In those rare situations where the pre-launch process does not reveal issues that need to be corrected, there is something seriously wrong with the testing regimen.
Aligning the Business Model
Frequently, ERP is designed to accommodate the existing business model and the company ordering it neglects to consider what the future may look like. In the case of Haribo, it planned to dramatically expand its business internationally which would affect its supply chain and manufacturing process as well as distribution, invoicing and collections.
Although we don’t yet know all of the details of Haribo’s dispute with SAP because a lawsuit has not been filed, it seems apparent that its SAP transformation may not have been properly aligned.
As noted ERP consultant Eric Kimberling observes, “Rather than paving the cow paths of how business was done in the past, (the ERP system) needs to enable your future business model.”
In many of the ERP software system disputes that I have litigated on behalf of clients, often the problems are a case study in not learning lessons from other’s mistakes.
In the Haribo matter, it seems that the company’s top management failed to focus sufficient attention on their business processes – now and in the future – or they didn’t grasp which processes were needed during the transformation.
Moreover, it’s not enough for senior leaders to simply sign off on a plan; they need to be actively involved during development and integration to ensure the success of the project.

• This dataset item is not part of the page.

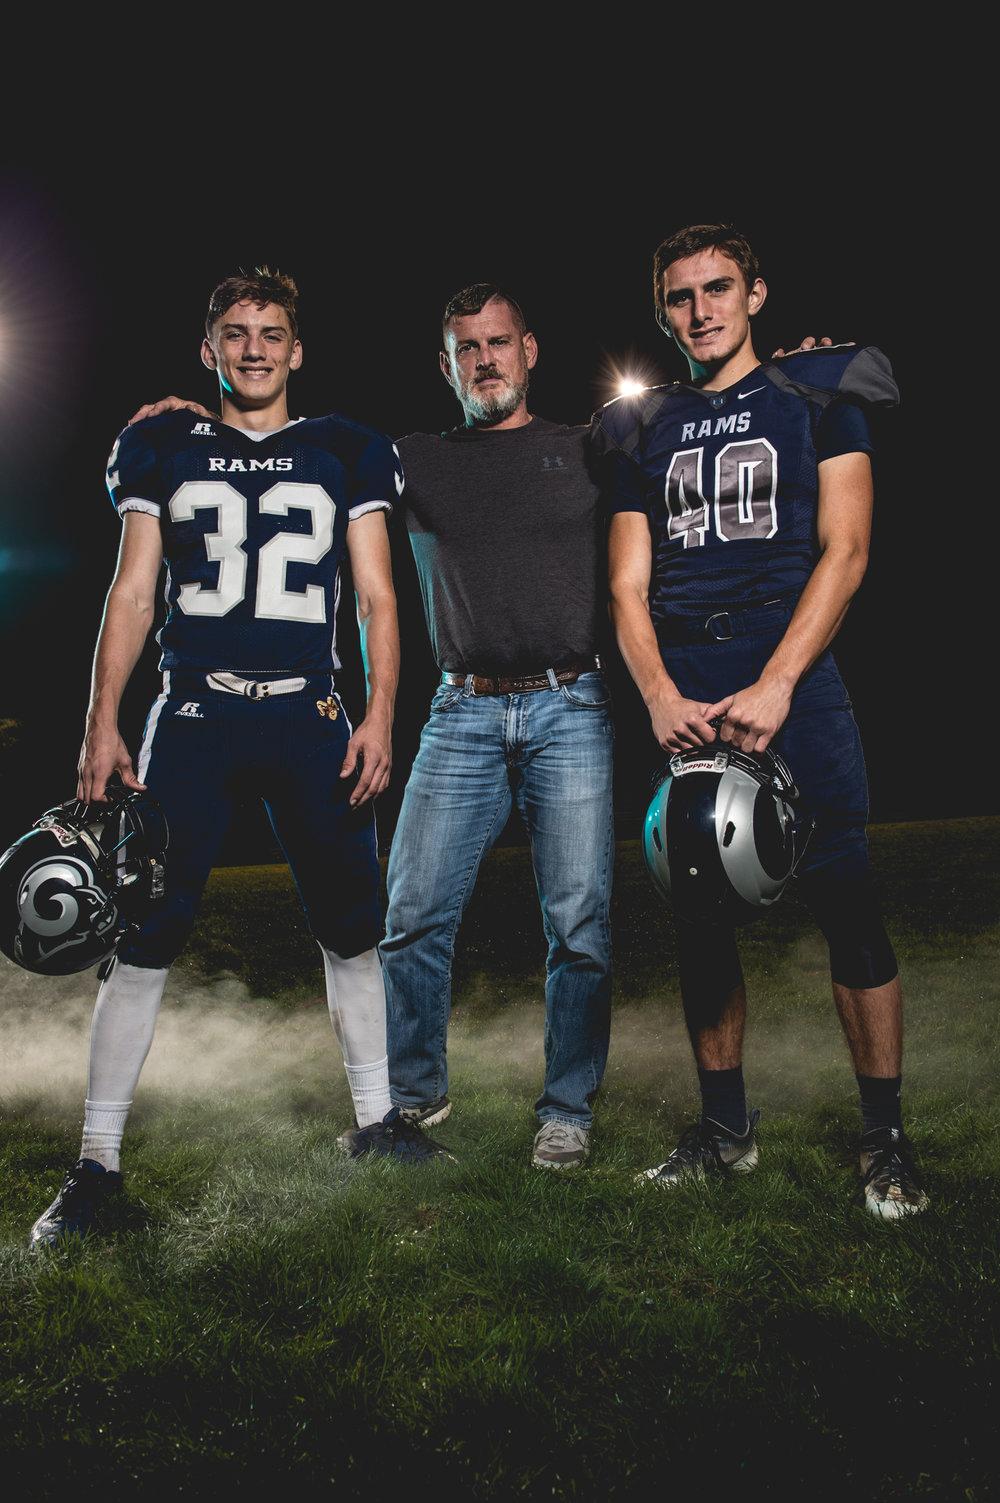 Ryan, me and Ethan

No integrator has the ultimate responsibility for this even though they do have an obligation to proactively alert the user where issues appear to be emerging.
It is imperative for the C-suite to take ownership of ERP projects. As the lawyer negotiating and drafting the contract, I can only create provisions to protect the business; it’s up to the people in corner offices to pay close enough attention so they can intervene before a small issue bubbles up into a major lawsuit.